Complex issues regarding authenticity can now be answered. The answers
might be surprising at first glance, but are logical expansions of the
intuitive notion of authenticity. Two examples are given.
A legacy program, accompanied by a database, is preserved by an
repository. The program contains the 'millennium bug' causing it to
yield incorrect answers to queries. The repository has preserved the
program bit stream flawlessly and is even able to provide a verifiably
correct platform emulator (an achievement only possible in theory).
Executing the program in 2003 correctly yields the incorrect results.
The question arises which object would be the authentic one: the
preserved bit stream or a debugged and thus altered copy (with the
purpose of execution under emulation)? What purpose does the program
bit stream serve if its execution is not without failure? If some
researcher wishes to examine the program as it was run decades ago,
this bit stream is the authentic one. In the more likely situation that
the object is to be executed in order to obtain the correct answers to
queries, the altered object is the authentic one.
The Night Watch by Rembrandt, one of the most famous paintings in the
Dutch cultural heritage, is in its current form not even close to
authentic. During its 360 years of existence, a part has been cut off,
it has been 'knifed' by a museum visitor and it has been cleaned. It
clearly fails to meet requirements of object integrity and the
preservation process does not meet requirements of non-repudiation (as
it allows the object to be damaged and altered). Yet thousands of
museum visitors from all over the world flock to the Rijksmuseum to see
'the real thing'. For them, there is no question about its
authenticity. For the purpose of looking at a painting by Rembrandt,
the object stored serves this purpose at least equally well as the
original object (in this case the same) did 360 years ago. For this
purpose, authenticity is derived from identification: if it is the
picture that Rembrandt painted, it is authentic. Any derivative (photo,
sketch, drawing) is not. If Rembrandt had painted the picture twice,
the second one would have been authentic for the purpose of attracting
museum visitors, but not for the purpose of studying the cloth used in
the first version.
These examples illustrate that preserving original bit streams and
building computing museums do not provide solutions to all problems
regarding object authenticity. Authenticity is not the same as
integrity, identification or originality. Terms as 'trustworthiness'
and 'reliability' (a term broader than reliability in computing
architectures) are too subjective to allow for practical assessments.

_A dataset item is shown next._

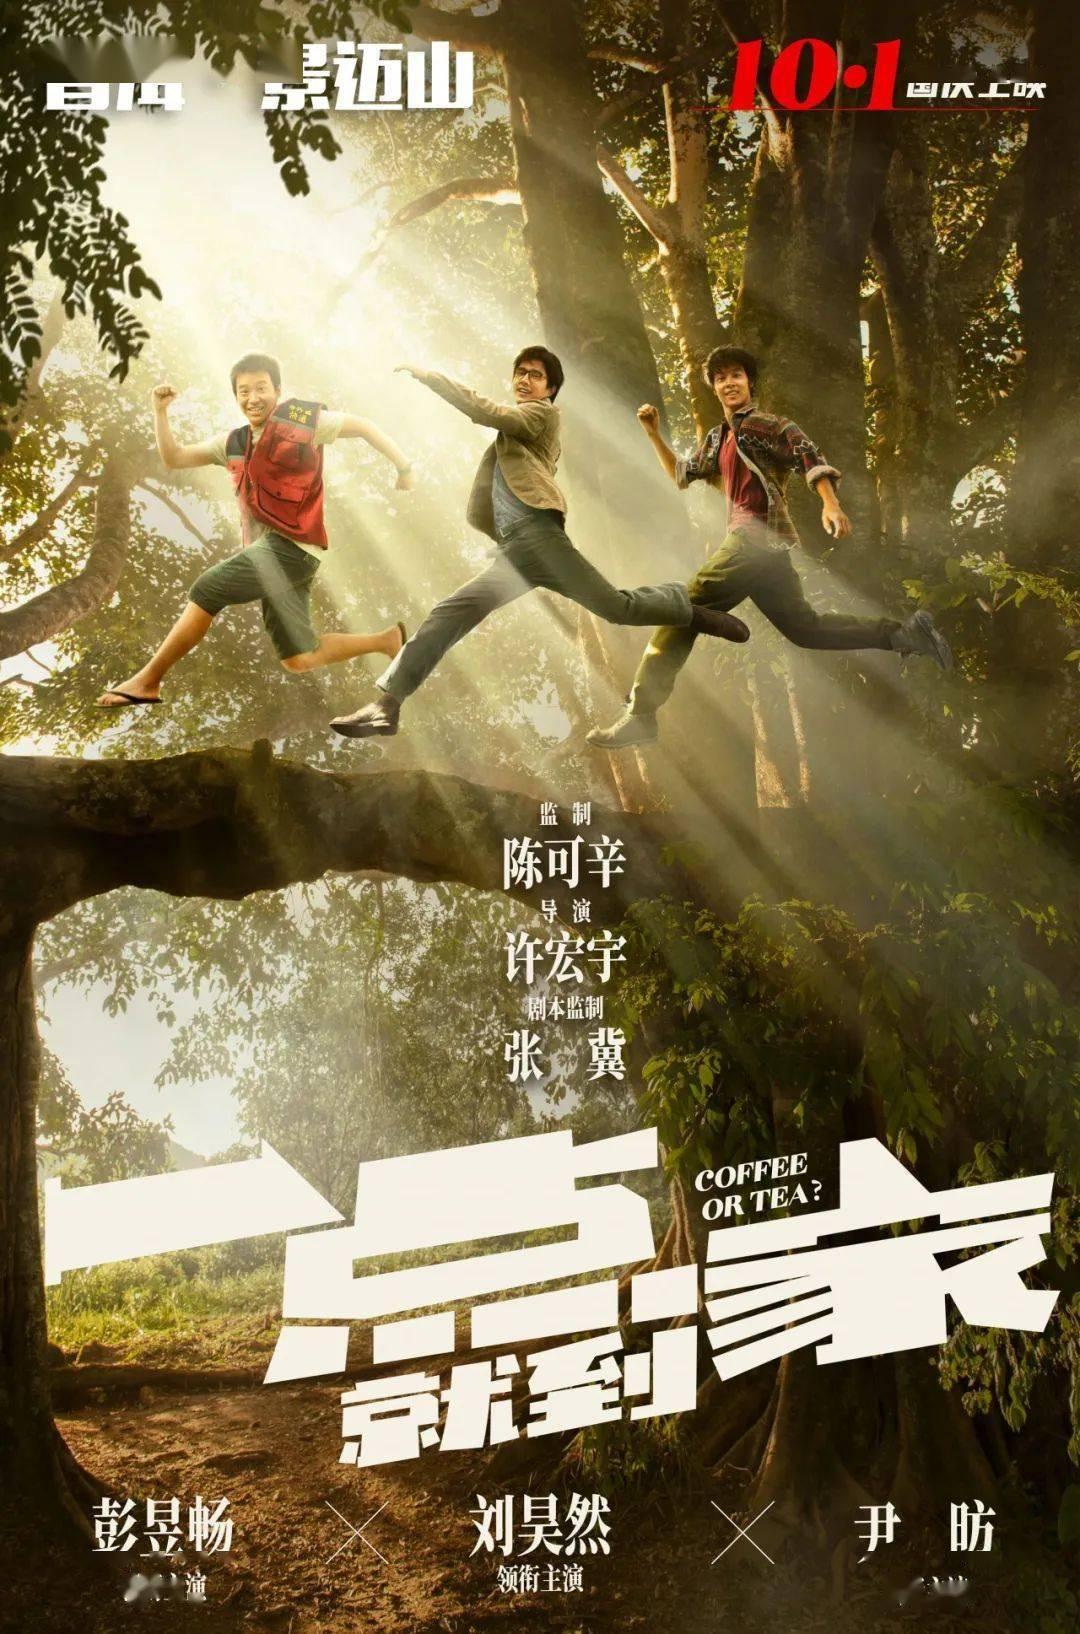 劉昊然主演《一點就到家》將于國慶檔上映 陳可辛擔當監制人

The reason why in cryptography the terms 'authenticity' and
'identification' are interchangeable is that in those systems the
purpose of the messages sent is achieved 'just' by identification of
their origin.
Preserving digital objects to keep
them 'available', i.e. to allow for future use of the object, imposes
functional requirements on the repository. As authenticity is context
dependent, the context in which the object is to be used in the future
needs to be described in as much detail as possible. This context
allows for the identification of what features of the object, which
functionalities, need to be preserved. If only the text of newspaper
articles need to be preserved (future users will only need to read the
information contained and search for strings), it suffices to store
text files in Unicode, which is cheaper and less difficult than storing
the articles as PDF (for example). If the requirement allowing for
textual search is dropped but graphical lay-out is to be provided,
optical scans stored in BMP could be stored. To allow for both, both
can be stored.
Reducing authenticity to a set of functional requirements seems to be
an obvious, somewhat belittling approach as one is tempted to store the
object as it is today and engage in all kinds of difficult technical
approaches to keep it accessible, convinced that the original object
will always be the authentic one. As stated earlier, no object can be
authentic for each and every unforeseeable future purpose.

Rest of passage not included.